As reported in their seminal 2012 Science Translational Medicine paper, Emory researchers have identified an “endogenous small peptide that dampens neural excitability by enhancing gamma-aminobutyric acid (GABA)—the brain’s principal inhibitory neurotransmitter. The [cerebrospinal fluid] of patients [with primary hypersomnias] exhibit normal GABA concentrations and amino acid profiles, and do not contain exogenous benzodiazepines by forensic liquid chromatography/mass spectrometry.”

This research has the potential to turn on its head our current understanding of how sleepiness occurs.

Parking brakeAs Dr.

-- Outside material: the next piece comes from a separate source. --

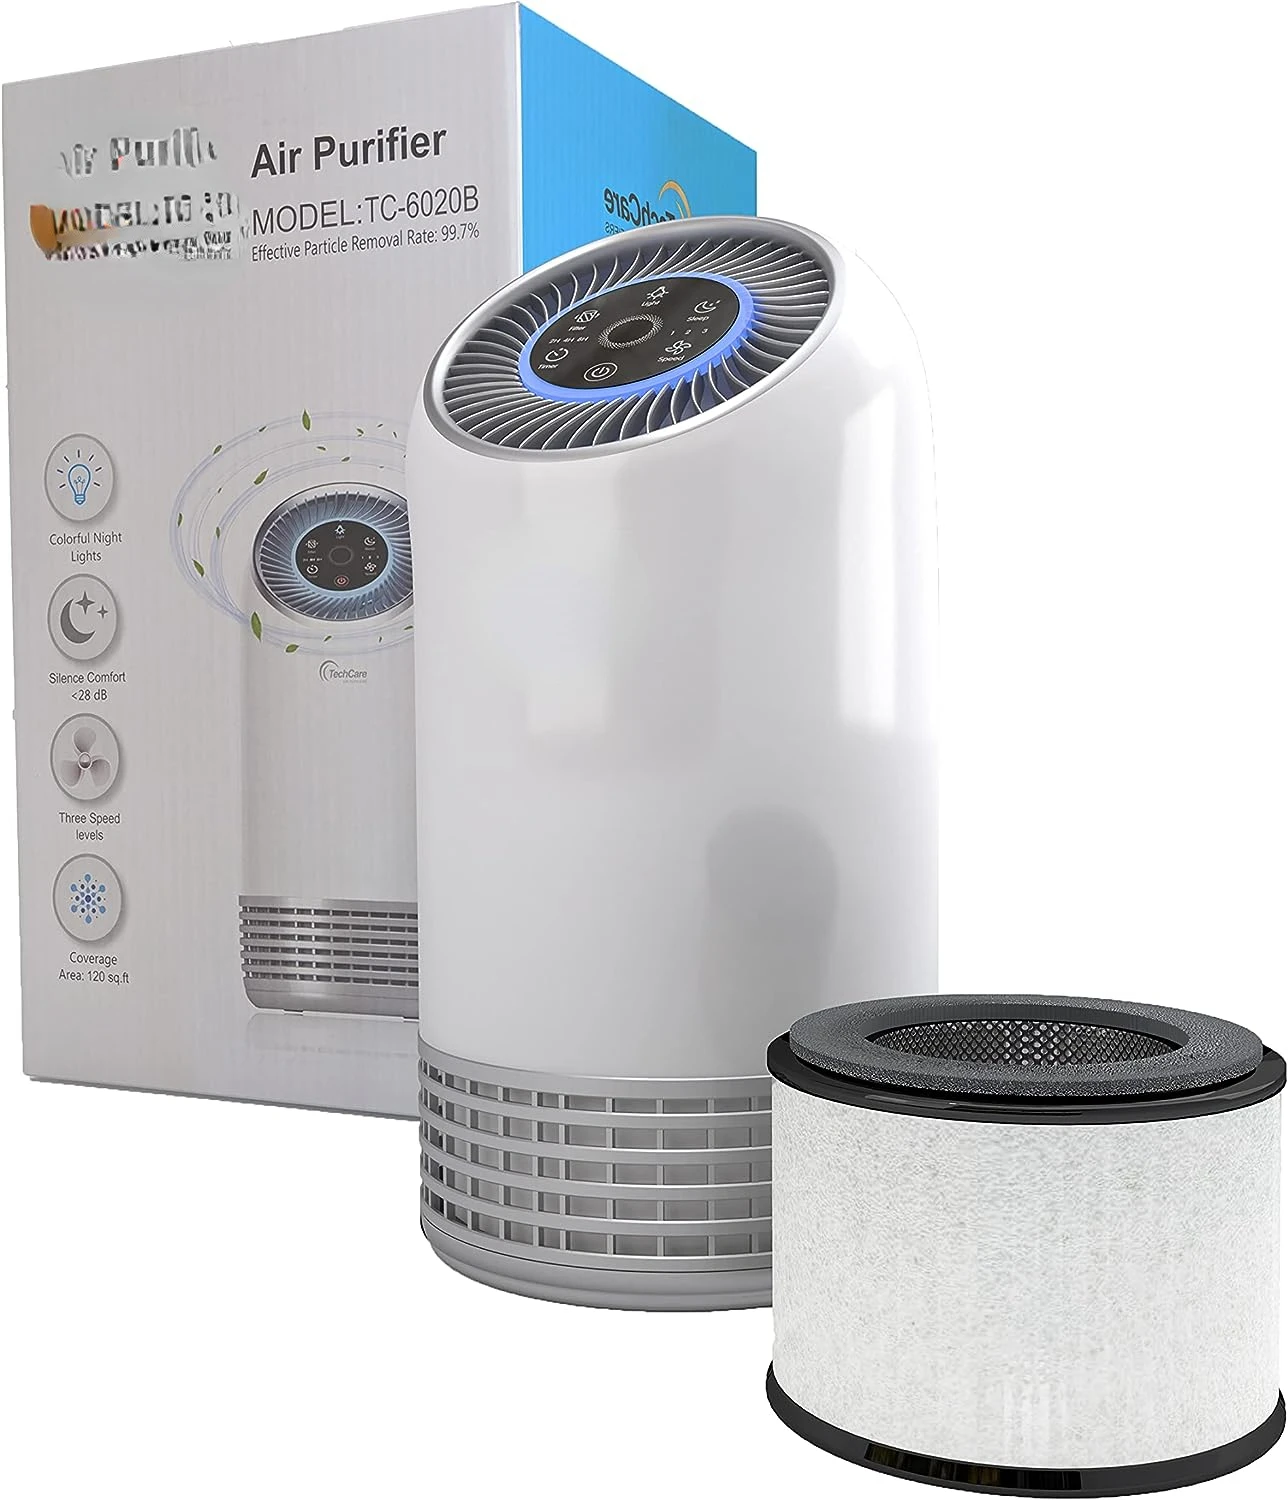 

Purifier Bedroom Office Use [True Hepa] Filter Silent Comfort White Noise Smart Air Cleaner Smokers Eliminate Allergies Odor Dus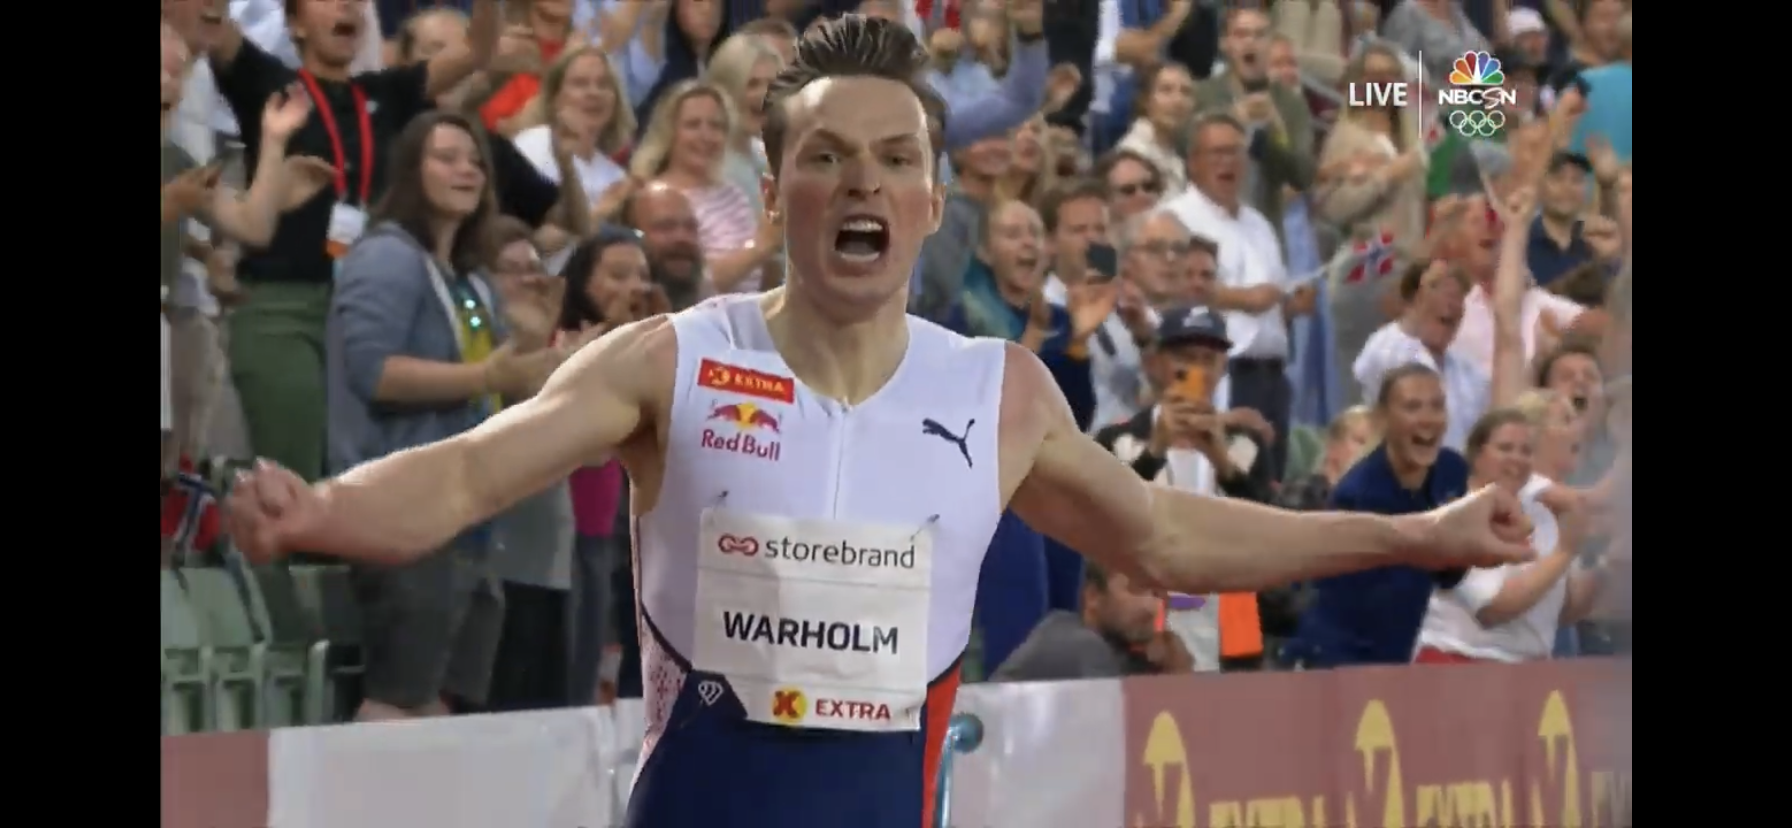 Norway S Karsten Warholm Runs 46 70 To Break 400 Meter Hurdles World Record On Home Soil In Oslo Letsrun Com

Rye is oft to paraphrase collaborator Dr. Andrew Jenkins, “The current treatment modalities for hypersomnia (that is, with psychostimulants or alternate agents that promote wake) are analogous to pushing the gas pedal of a car while the parking brake is engaged. . . no matter how much the drivers accelerate, they cannot fully overcome the parking brake. We need to better understand the parking brake—and how to release it—to bring more complete relief from hypersomnia.” In the words of the grant application, “The idea that hypersomnolence can arise from a gain of function of a naturally occurring humoral somnogen is a paradigm shift from concepts that posit a cause in loss of function of wake-promoting neural networks.”